API Keys/Accounts for:
- OpenWeatherMap: For weather forecasts.
- Groq, OpenRouter, or Vercel AI Gateway: For various Language Models (e.g., gpt-oss-120b, gpt-5-nano, gpt-4o-mini).
- Mistral Cloud: For embedding models (e.g., codestral-embed-2505).
- Brave Search: For web and news searches.
- Tavily API: For structured search results.
- Together.xyz or similar Image Generation API: For creating images.
- Perplexity API (or self-hosted instance): For the perprlexcia tool (the current URL http://self hoseted perplexcia/api/search implies a self-hosted or custom endpoint).
Publicly Accessible URLs: Your n8n instance and any custom webhook endpoints (like perprlexcia) must be publicly accessible.
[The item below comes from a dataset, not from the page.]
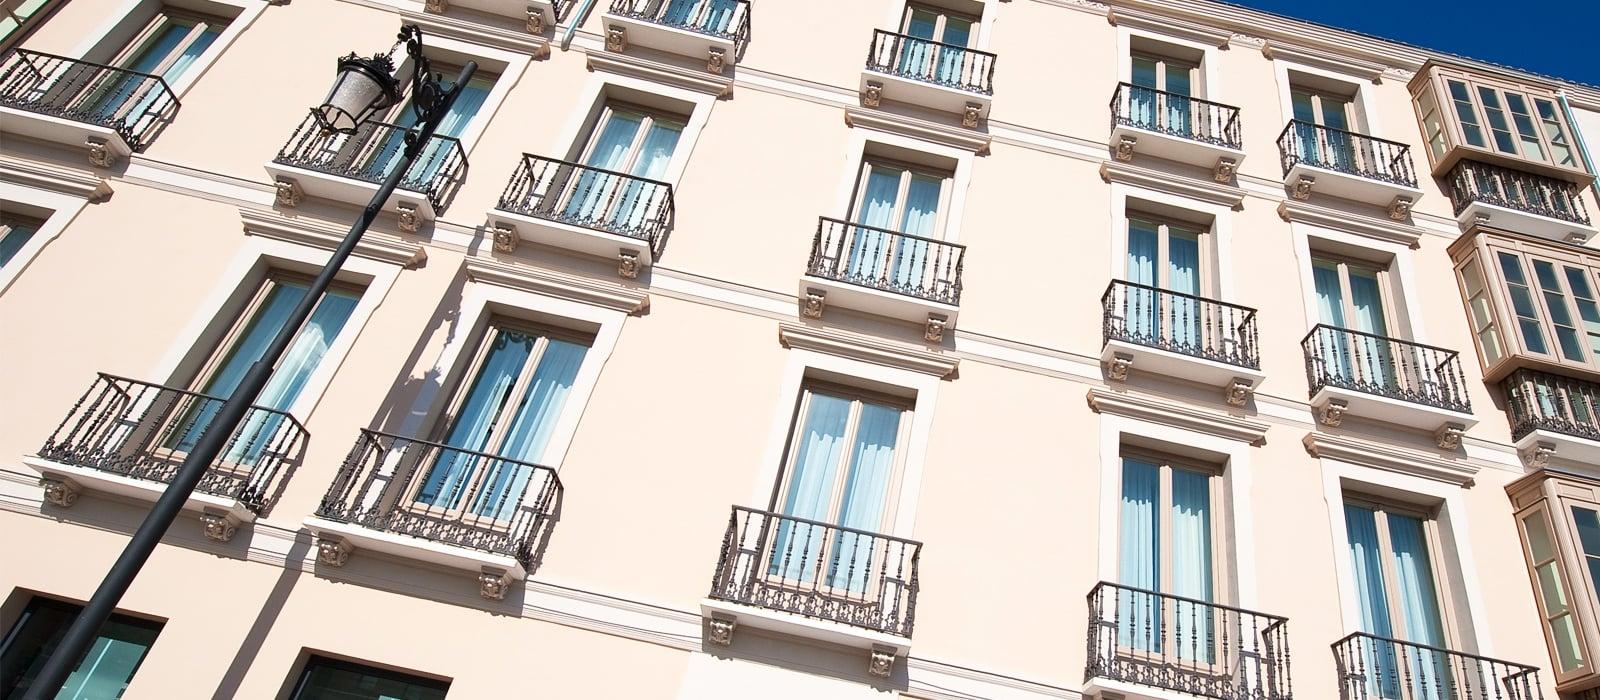 Hotel M 225 Laga Posada Del Patio Vincci Hoteles
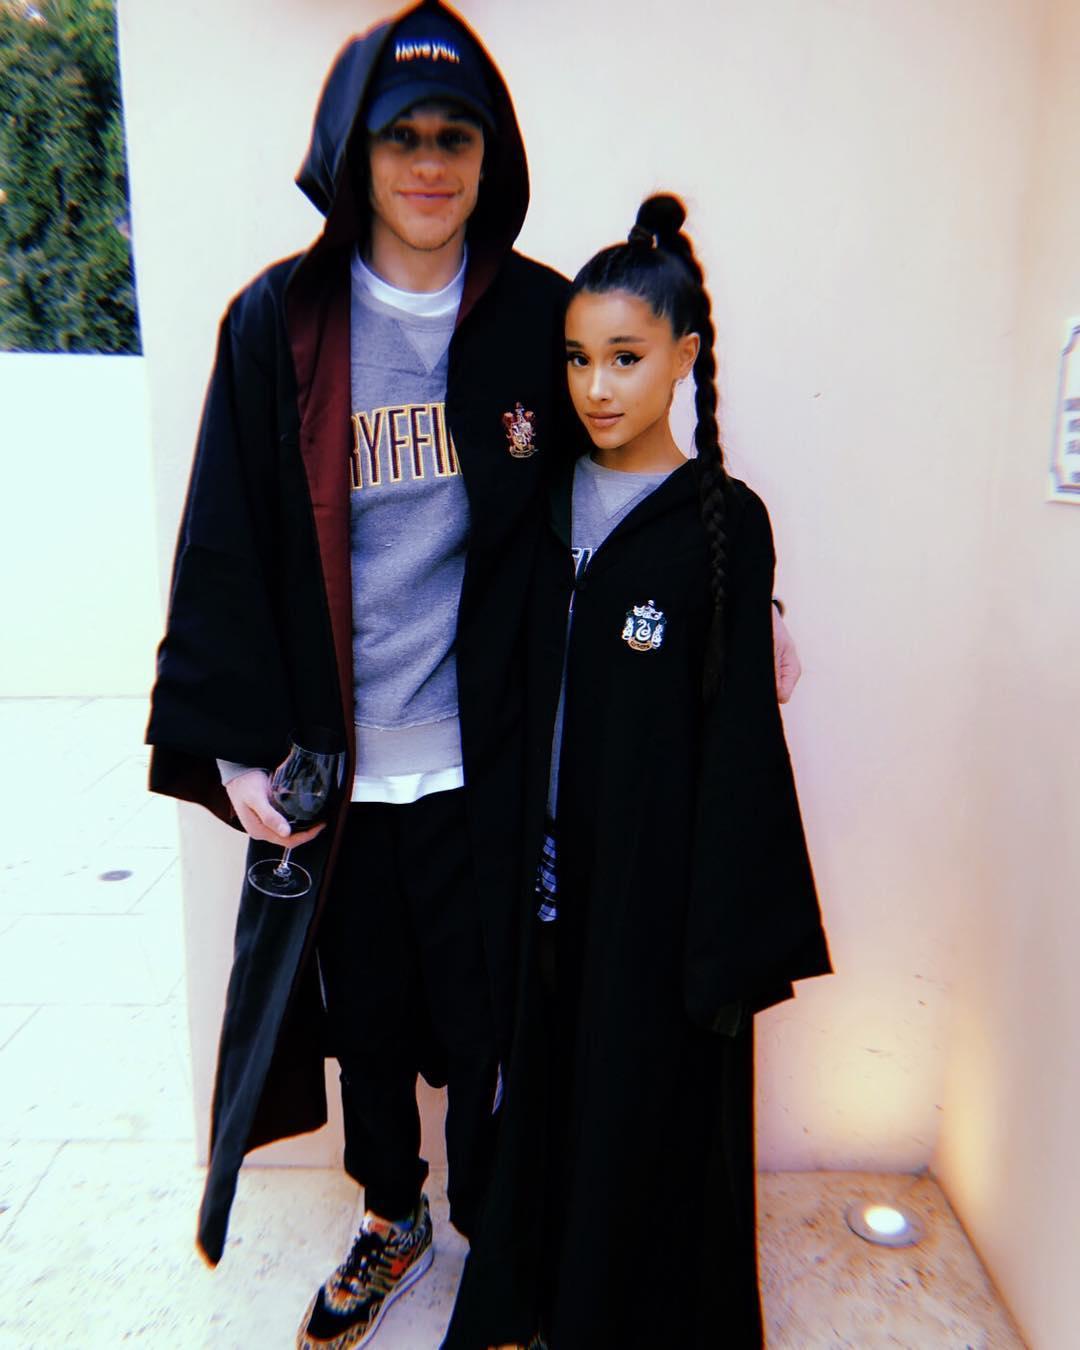 Ariana Grande and comedian Pete Davidson

Requirements (n8n Credentials)

You will need to set up the following credentials within your n8n instance:

WhatsApp OAuth account: For the WhatsApp Trigger node.
WhatsApp account: For Send message2, Send message3, Download media, and Typing.... nodes.
Google Palm Api account: For Analyze image, Google Gemini Chat Model, gemini-2.5-flash, and Google Gemini Chat Model5 nodes.
OpenWeatherMap account: For the Get Weather Forecast node.
Groq account: For gpt-oss-120b node.
Google Calendar OAuth2Api account: For the Google Calendar tools.
MongoDB account: For MongoDB Atlas Vector Store nodes.
OpenRouter account: For gpt-5-nano and gpt-4.1-nanoChat Model1 nodes.
Gmail account : For Get many messages and Get a message nodes (ensure correct Gmail OAuth2 setup for each).
Google Tasks account: For the Google Tasks tools.
Bearer Auth account: For HTTP Request5 (used in media download).
Brave Search account: For Brave Web Search and Brave News Search nodes.
Vercel Ai Gateway Api account: For gpt-4.1-mini, gpt-oss-120b, gpt-oss-120b2, and gpt-4.1-nano nodes.
HTTP Header Auth account: For Tavily web search (create a new one named "Tavily API Key" with Authorization: Bearer YOUR_TAVILY_API_KEY) and HTTP Request (for Together.xyz, e.g., "Together.xyz API Key").
Mistral Cloud account: For codestral-embed-2505, codestral-embed-, and codestral-embed-2506 nodes.